Approximation/rounding errors in R in simple situations

Question

I understand that sometimes in some float number computations, R makes some approximations leading to errors like 9.143243e-16.

But why can I get a determinant (with det command) like 9.143243e-16 when I only work with 3x3 matrix having only integers numbers?

Where do the 9.143243e-16 come from, in such a situation where I only had integers numebrs? Determinants involving integers numbers only should give an integer number, right ?

Thank you in advance.

PS : here is an example (in 4x4, but I could find one in 3x3 as well) (on R software x86 version) :

C=matrix(c(9,3,12,6,-3,-1,-4,-2,2,-2,4,0,5,-1,8,2),4,4,byrow=TRUE)
det(C)
[1] -1.923137e-30

Answer 1

As a general rule, you should never expect exact answers from floating point calculations. You are correct that in principle, the determinant of an integer matrix, which involves only addition, subtraction and multiplication, should give an integer result. And this would (probably) be the case if R used the naive algorithm to compute the determinant.

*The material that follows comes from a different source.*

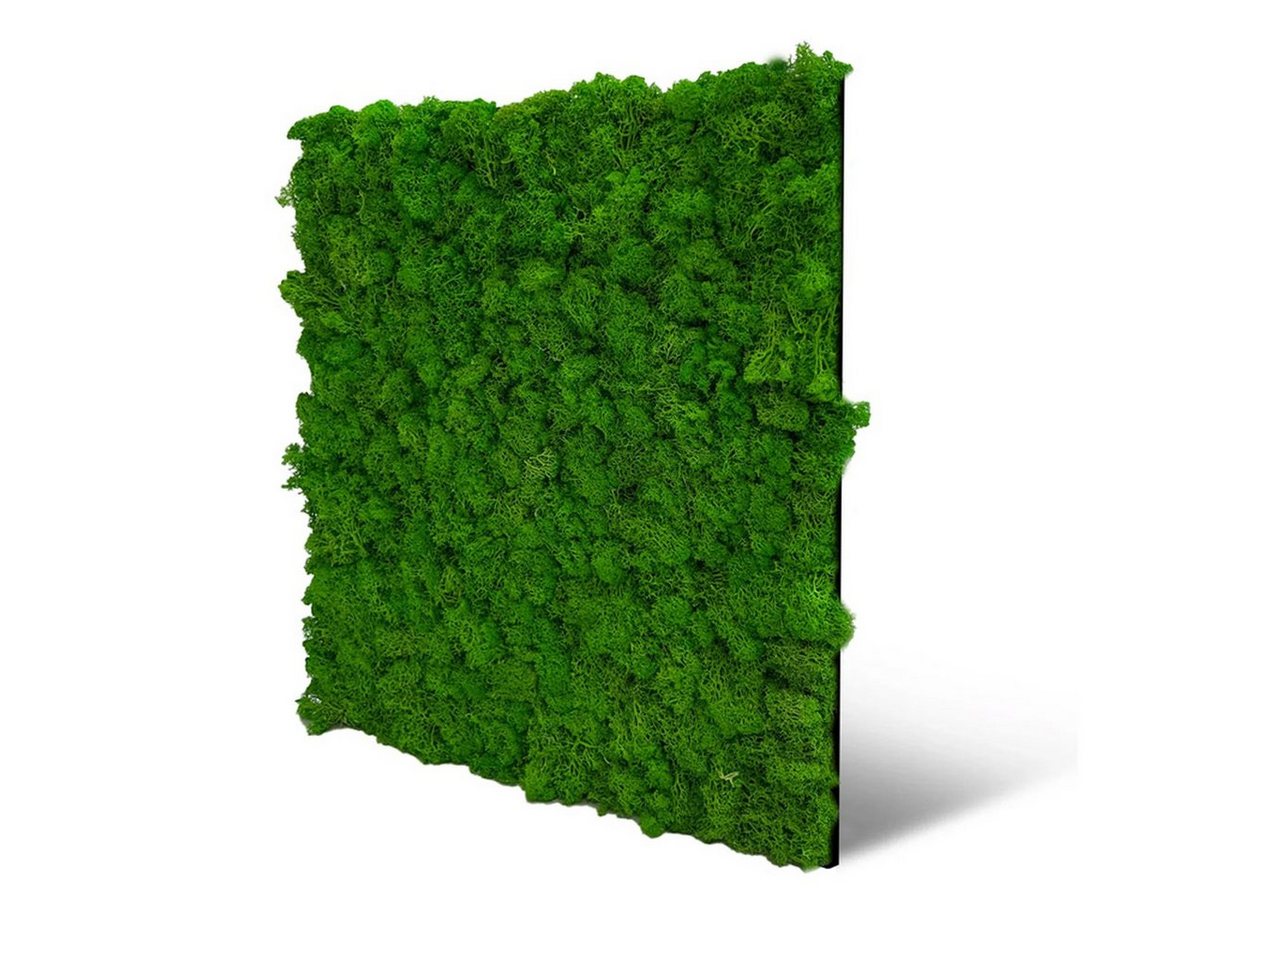 IKHEMalarka 3D Wandpaneel Moos 3D Paneelen Mooswand Wandpaneele, BxL: 52,00x52,00 cm, 0,27 qm, (1 Stück, 0,27m) von IKHEMalarka

However, the naive algorithm involves a summation over all N! permutations, which is enormously inefficient, so instead R uses some other method. I don't know what this method is -- you can look at the C source if you want, but my guess is that they do a matrix decomposition X=LU and then return det(X)=det(L)det(U), where the determinant of L and U involves simply multiplying the diagonals.

Some more info can be found by looking at the function det, shown below. As you can see, what it actually does is computes the log of the determinant, and then exponentiates it, so there is no reason to believe the result is going to be an integer.

> det
function (x, ...) 
{
    z <- determinant(x, logarithm = TRUE, ...)
    c(z$sign * exp(z$modulus))
}